Segundo ele, do 1,2 trilhão de dólares movimentados pelo setor de TI em todo o mundo em 2006, 700 bilhões de dólares foram terceirizados e, desses, 40 bilhões contratados fora dos países de origem - dos quais 30 bilhões de dólares somente na Índia.

"A fatia contratada em outros países cresce cerca de 40% ao ano e deve se manter assim por uma questão de custos: custa um terço do que se fosse produzido no próprio país de origem", afirmou Gil.

Ele destacou, entretanto, que o mundo começa a buscar alternativas para o suposto esgotamento do modelo indiano e que países como Brasil, Rússia e China são os que devem chamar a atenção neste momento. "O Brasil é bom em TI há 45 anos.
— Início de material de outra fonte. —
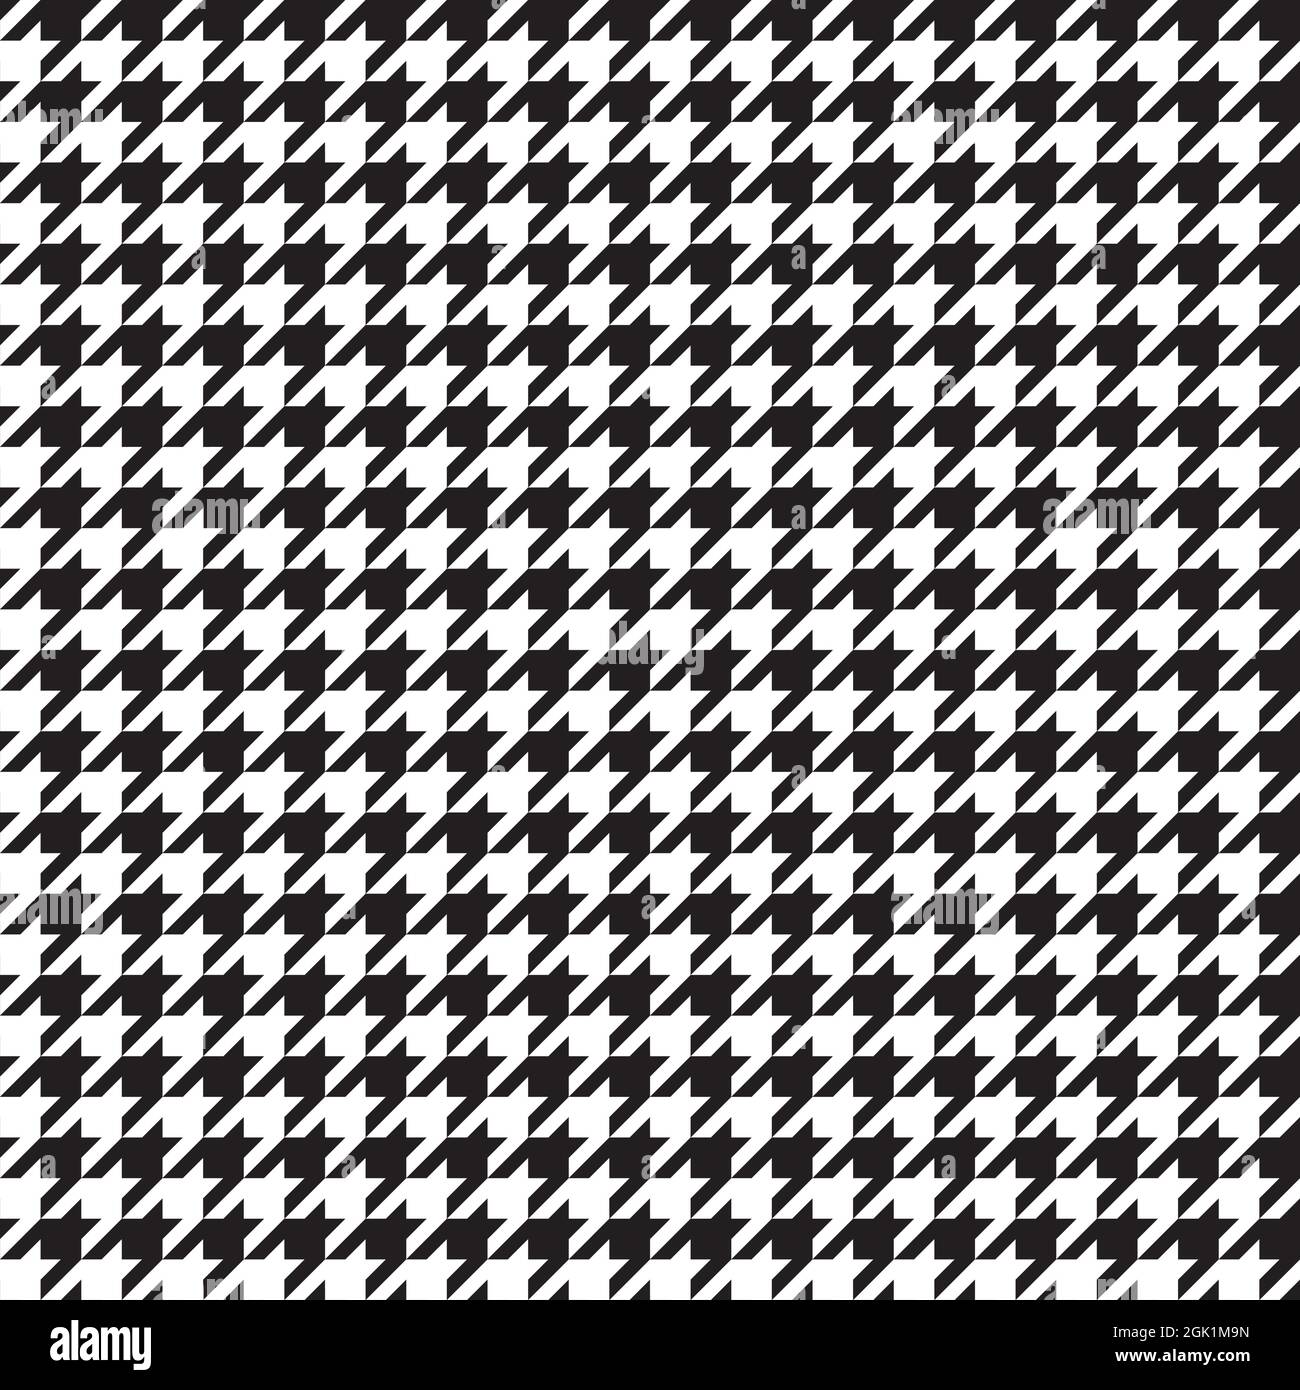 Seamless fabric houndstooth pattern background Stock Vector Image

Está se escancarando uma janela extraordinária para que o país passe a ocupar a quinta posição mundial em fornecimento de serviços no mundo", enfatizou Gil.

Segundo ele, a meta traçada pelas empresas do setor junto ao governo federal, de alcançar a cifra dos 5 bilhões de dólares em exportações de softwares e serviços até 2010, não é só uma questão de balança comercial. "Se não exportarmos esse volume, iremos importar o mesmo montante, mas não é só isso", afirmou. "Trata-se do desafio de entender a importância estratégica da indústria do conhecimento no século XXI", reiterou.

Gil se queixou do que chamou de "lacuna" do Programa de Aceleração do Crescimento (PAC), anunciado nesta segunda-feira pelo presidente da República, no que se refere aos incentivos à software e serviços, mas disse esperar que o país desperte para o assunto a tempo de ocupar espaço no mercado mundial.